The code snippet displaying titles which matter for predicting Survivability for the titanic dataset.

Reading titanic dataset and converting Survived variable into factor:

1.First, read the titanic file. Set the working directory properly.
2.Convert a Survived variable into factor column.

titanic <- read.csv(
              file = "titanic.csv",
              stringsAsFactors = FALSE
              )     #(1)

titanic$Survived <- as.factor(titanic$Survived)      #(2)

Discretizing categories:

Converting all Pclass values into variables:

titanic$pclass_one <- 0
titanic$pclass_two <- 0
titanic$pclass_three <- 0
titanic[titanic$Pclass==1,"pclass_one"] <- 1
titanic[titanic$Pclass==2,"pclass_two"] <- 1
titanic[titanic$Pclass==3,"pclass_three"] <- 1

Converting all the values of Embarked variables into variables:

titanic$embarked_q <- 0
titanic$embarked_s <- 0
titanic$embarked_c <- 0
titanic[titanic$Embarked=="Q","embarked_q"] <- 1
titanic[titanic$Embarked=="S","embarked_s"] <- 1
titanic[titanic$Embarked=="C","embarked_c"] <- 1

Converting values of gender into variables:

titanic$sex_m <- 0
titanic$sex_f <- 0
titanic[titanic$Sex=="male","sex_m"] <- 1
titanic[titanic$Sex=="female","sex_f"] <- 1

Filling Missing values of Age:

titanic[is.na(titanic$Age),"Age"] <- 28

Building Random Forest:

1.Install randomForest package if you have not installed it.
2.Load library packages.
3.Create the list of features for random forest.
4.Create random forest model .
5.Use varImpPlot to create scatter plot for variable importance calculated by random forest.

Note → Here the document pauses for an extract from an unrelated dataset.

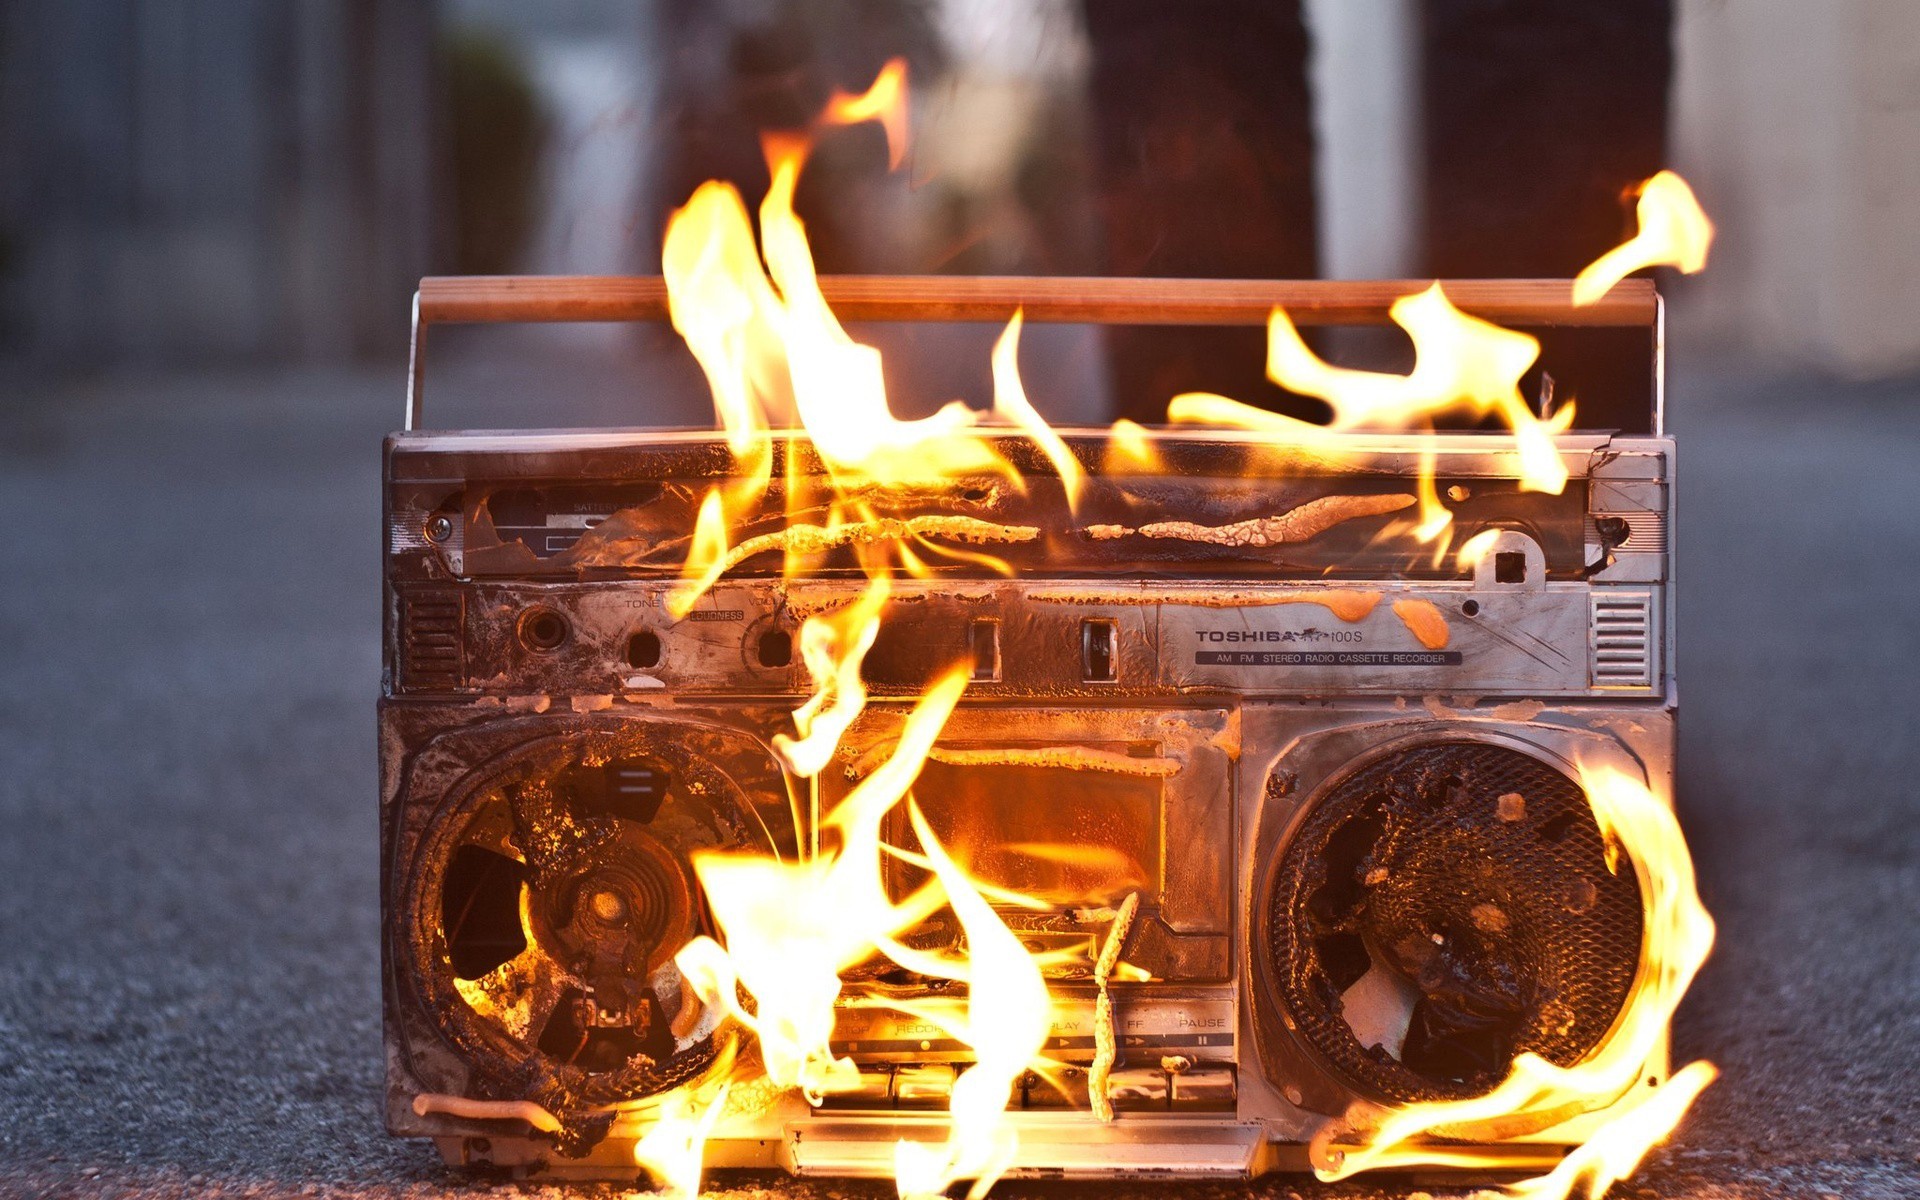 General 1920x1200 fire music stereos melting ground broken boombox asphalt closeup

install.packages("randomForest").    #(1)
library(randomForest)                     #(2)
features <- c("Survived","Age", "SibSp", "Parch", "Fare", "pclass_one","pclass_two","pclass_three","embarked_q","embarked_s","embarked_c","sex_m","sex_f")       #(3)
titanic.forest <- randomForest(Survived~., data = titanic[,features], importance=TRUE)    #(4)
varImpPlot(titanic.forest)       #(5)

varImportance

One way to analyze how much impact a feature could make on target feature (Survived) is to use feature importances property from machine learning algorithm library.